By the time I’m in the Cambridge consulting room I’ve been taking painkillers constantly for six years. Pain takes up too much of the space in my mind. When the neurosurgeon tells me that if he were to operate he would be able to reduce the curve by only fifty per cent, I don’t take it in. I can’t; I’ve been told so often that there’s no treatment that my mind shuts off. It’s only weeks later I think about what he said and even then I don’t dare hope. The possibility that my spine can be straightened is too marvellous to contemplate.
Over months of tests and appointments, my main fear is that I will be judged unsuitable for surgery, that the lifeline will be taken away. Spinal fusion for adults with scoliosis was at that time a new procedure and required – still requires – very major surgery. The curve is straightened and instrumentation used to hold the repositioned spine in place. Fragments of bone placed between the vertebrae will, over time, grow and weld the fused section into a single, solid bone, stabilising the spine and reducing pain. I’m told the operation carries significant risks – of infection, blood loss, even paralysis – but I bat these warnings away. I want this.
I’m in surgery for six and a half hours – ‘skin to skin’ as a registrar afterwards gruesomely expresses it – and in the operating theatre for a lot longer than that. My spine is fused from T8 – L5. I have two long titanium rods in my back and a multiplicity of screws. My surgeon achieves a curve reduction of over fifty per cent. Sitting on the hospital bed, wary of the huge dressing, I carefully run my hand up and down my spine. My back is flat, the rib hump gone. I leave hospital several centimetres taller than when I went in. Just two weeks after the operation, the pain is noticeably diminished.
I can’t bend at the waist any more and it’s hard to look over my shoulder. The sudden alteration in body shape takes a while to get used to, but it’s miraculous to be tall and straight. I stop taking painkillers. I have to teach myself to sleep without them, so there are lots of broken nights and early mornings. I replace my wardrobe, though it takes me a while to stop buying garments that are too big. It’s wonderful to have a spine that holds me up, and even more wonderful to be free from pain. Going out for a meal is a pleasure instead of a torment (though I still avoid the six-course tasting menu).
I feel utter relief that my spine is fixed in place. I no longer have the loneliness of wondering how on earth I’m going to deal with it, if – when – the pain gets worse.
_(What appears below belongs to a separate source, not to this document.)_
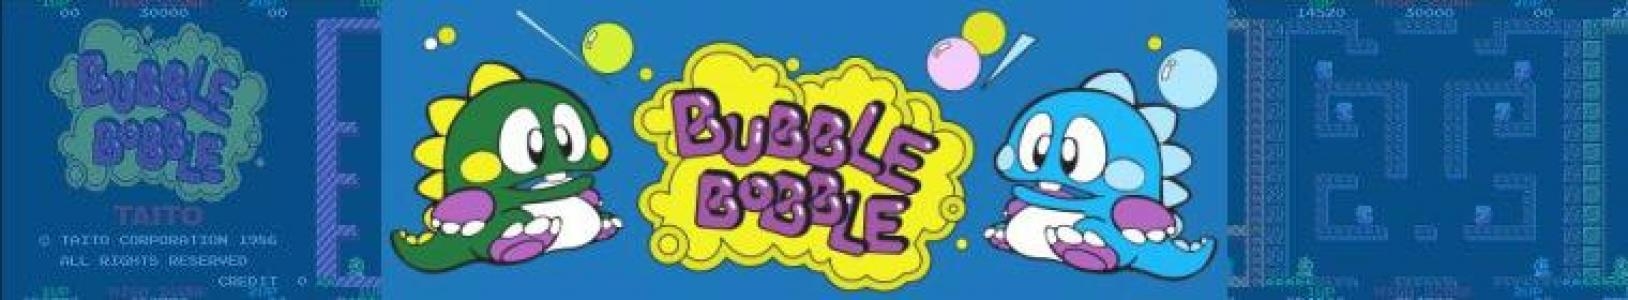 Bubble Bobble banner

I know that I’m lucky to live in Cambridge, near brilliant Addenbrooke’s hospital. I’m lucky to have a GP who understands about scoliosis and referred me to a specialist surgeon. It was because of the immense skill of my surgeon and his team that the surgery went smoothly. I’m also lucky that clever scientists invented the internet, because now, at last, I can find out about the condition.
Through Addenbrooke’s, I meet other women who missed out on treatment when they were young, and who have since had spinal fusion or are considering it. We share a similar body shape – tall, thin, long-limbed – and we share memories too. We are a diminishing community because scoliosis sufferers are now routinely treated in their teens and twenties. I feel an affinity with these women. These are my tribe.